The mobile device 106 notifies the assignment ID 122 in a procedure stored before the actual assignment method vehicle-backend 104. In detail, the mobile device 106 in Step 208 sends a corresponding request message with the assignment ID 122 to the server 104. Corresponding to this, the server 104 in Step 262 (method 260 in FIG. 2C) send the request message with the assignment ID 122 relating to the intended mobile device 112. The server 104 stores the assignment ID 122 in Step 264 for purposes of the later verification. In Step 264 the server 104 sends a response message relating to the successful receipt and the storage of the assignment ID to the mobile device 106.

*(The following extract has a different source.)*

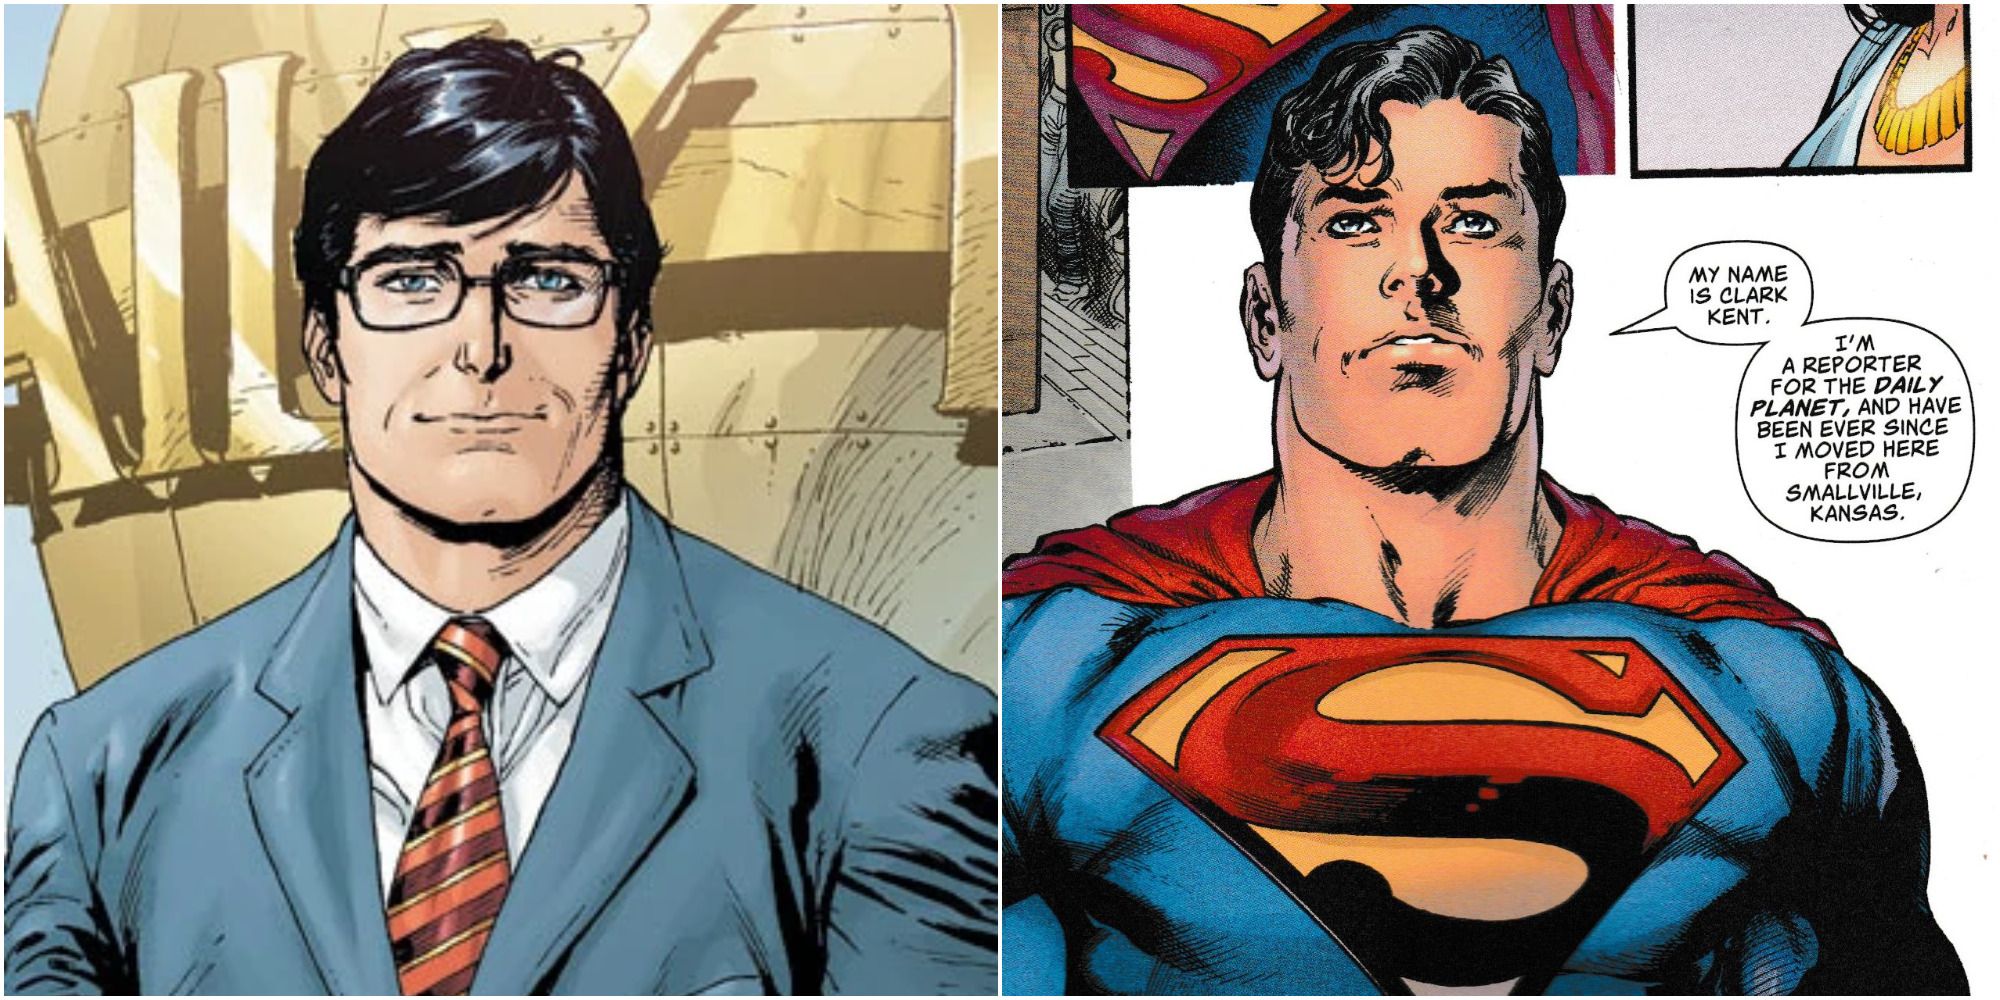 Clark Kent and Superman

This receives the response message in Step 210 (method 200 in FIG. 2A) and then initiates in Step 212 the actual assignment procedure for the vehicle key to be assigned 116. This can comprise a provision of a URL 124 in Step 214, wherein the assignment ID 122 is represented in the URL 124. In many embodiments the assignment ID is anonymized, i.e. allows no conclusions to be drawn about the user 114, mobile device 112, and/or a manufacturer of the mobile device 112. In other embodiments, this information is anonymized at the latest when the URL is created, i.e., the assignment ID is encoded into the URL in anonymized form.

The generated URL 124 is provided to the user 114 or their mobile device 112. This can e.g. be carried out in a private-to-private assignment scenario that the user 108 sends the link or the URL 124 to the user 114 by chat message, email etc. In other embodiments of a server-based assignment the server (e.g., in the backend 118) can send the URL 124 to the user 114, e.g., using a push message as transmission medium.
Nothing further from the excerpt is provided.